Task brief -> Within the records below, find the line with "Nahaufnahme einer Kaldewei" and the line with "THD Webinars in October 2023", then reproduce exactly those two lines and all lines between them, without any picture.

Records ->
■ ■ ■ ■ ■
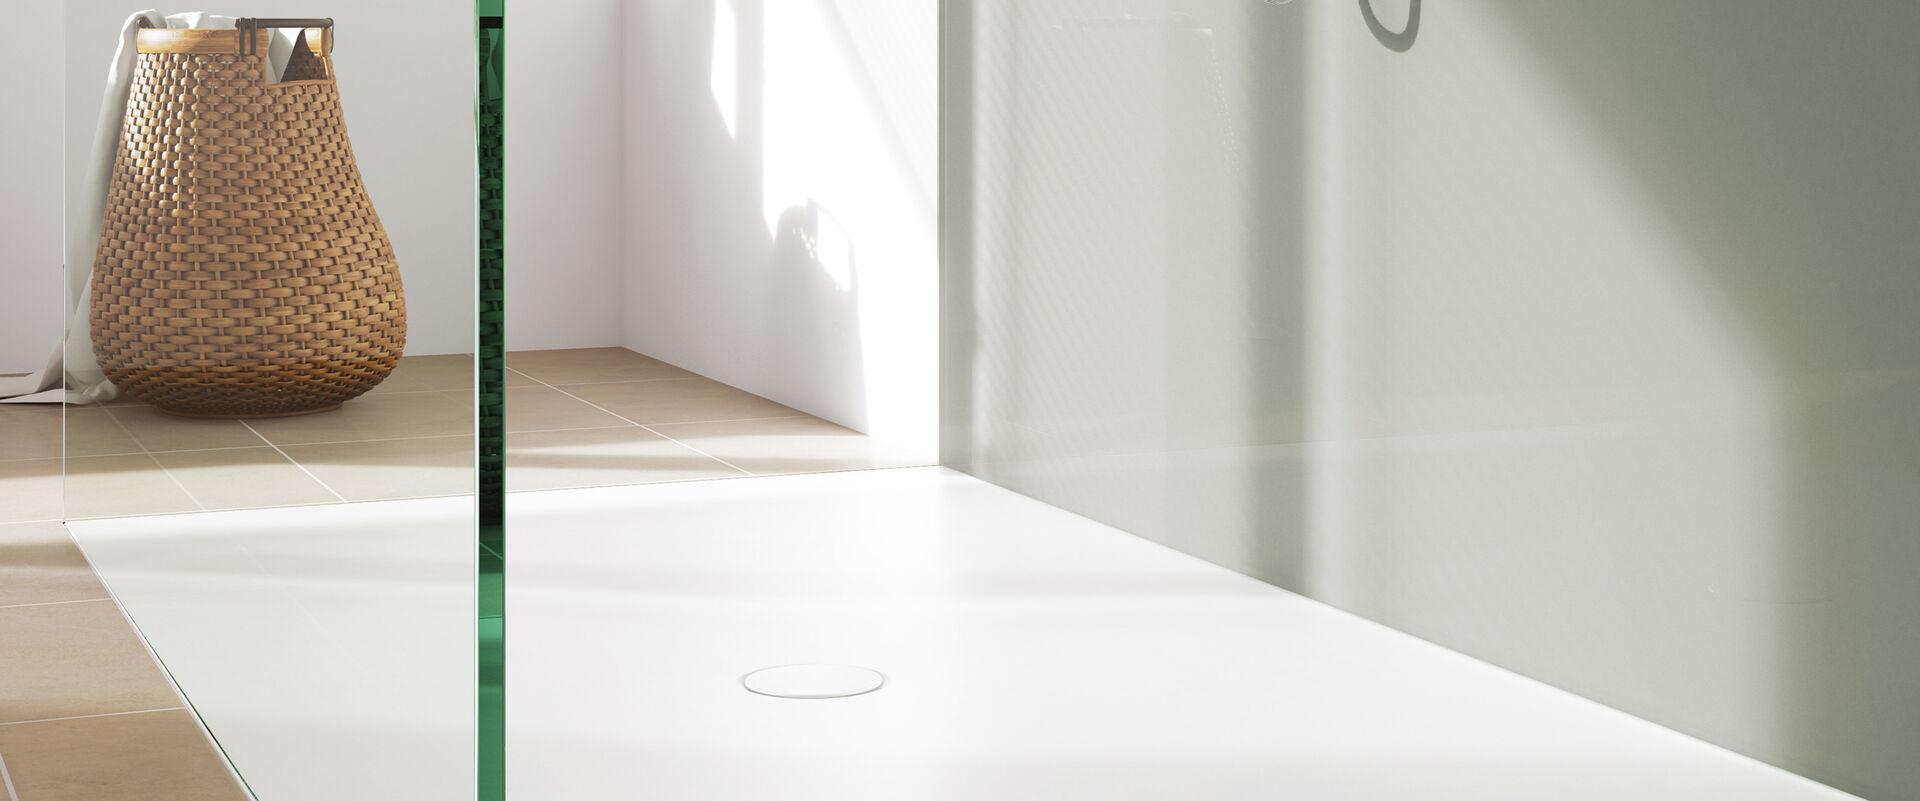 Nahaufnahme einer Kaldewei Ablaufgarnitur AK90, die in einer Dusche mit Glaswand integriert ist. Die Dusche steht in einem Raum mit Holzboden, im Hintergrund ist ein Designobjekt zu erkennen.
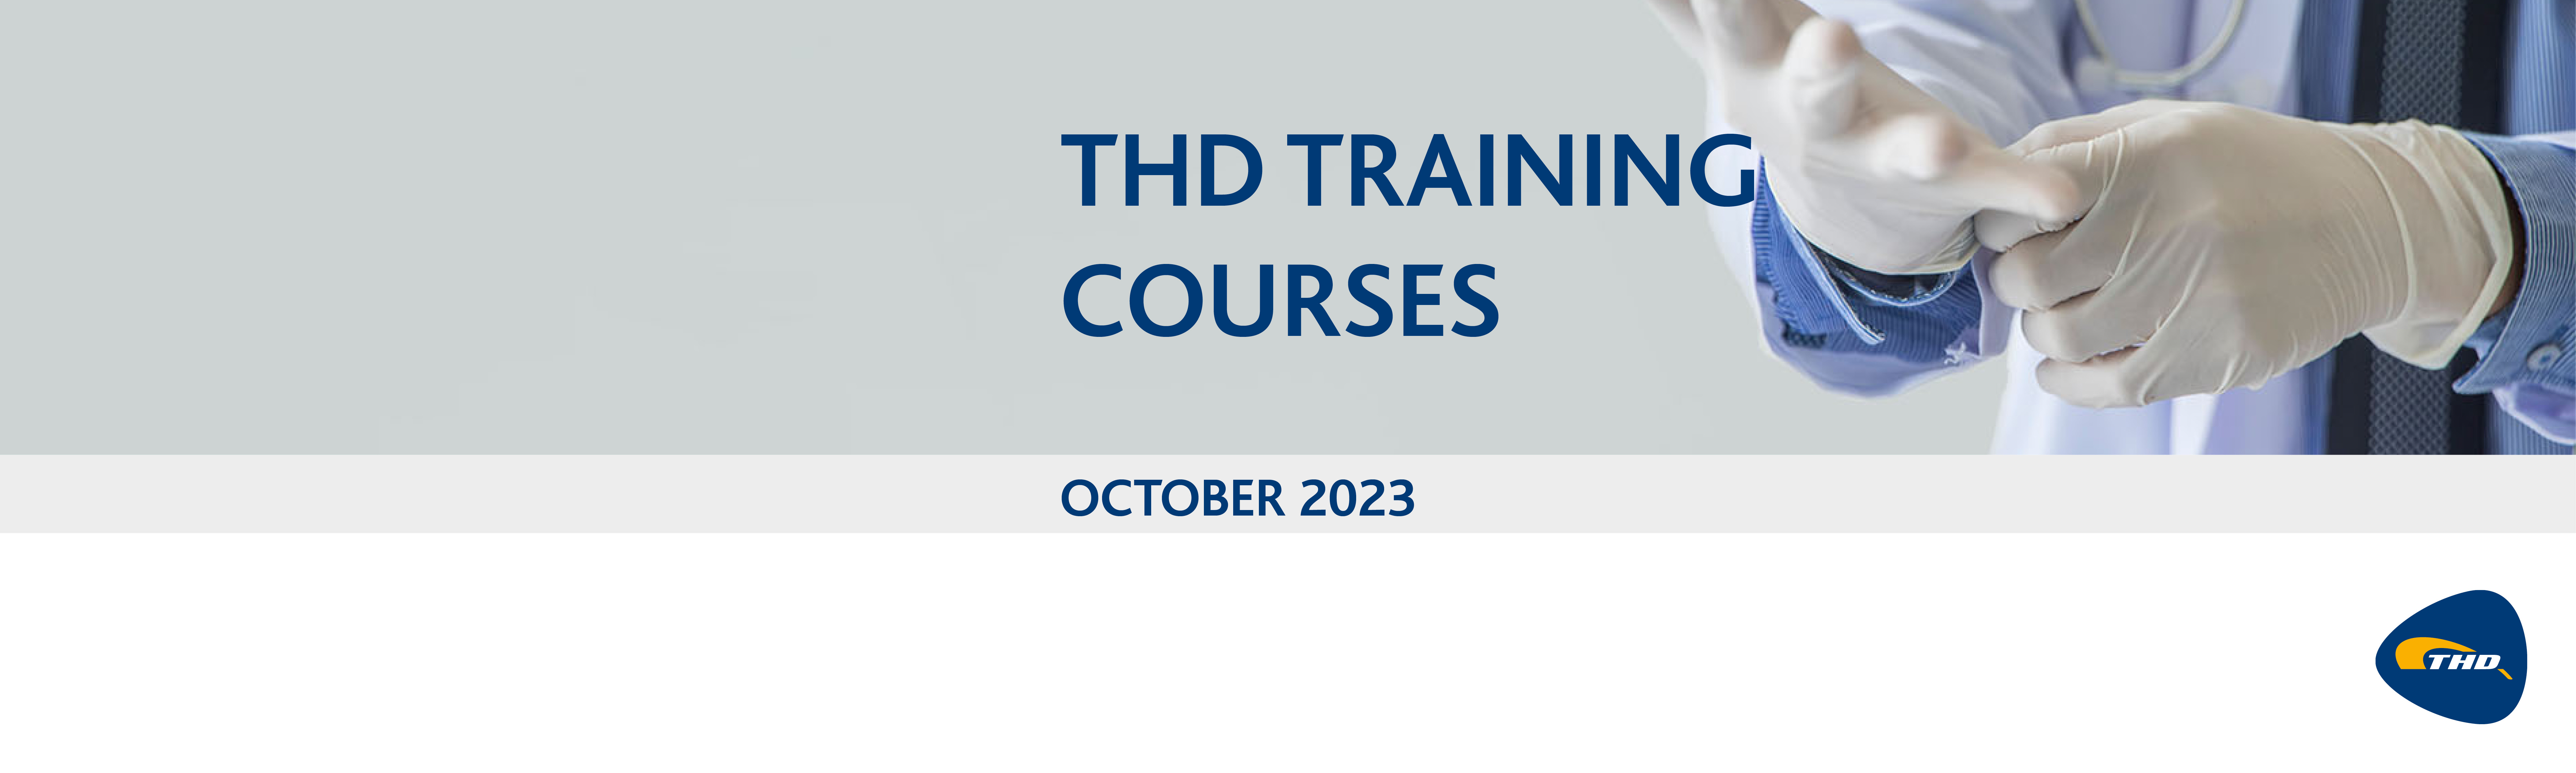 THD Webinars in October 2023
■ ■ ■ ■ ■
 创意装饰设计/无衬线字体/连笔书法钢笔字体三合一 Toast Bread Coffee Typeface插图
■ ■ ■ ■ ■
Answer to the exercise ->
 Nahaufnahme einer Kaldewei Ablaufgarnitur AK90, die in einer Dusche mit Glaswand integriert ist. Die Dusche steht in einem Raum mit Holzboden, im Hintergrund ist ein Designobjekt zu erkennen.
 THD Webinars in October 2023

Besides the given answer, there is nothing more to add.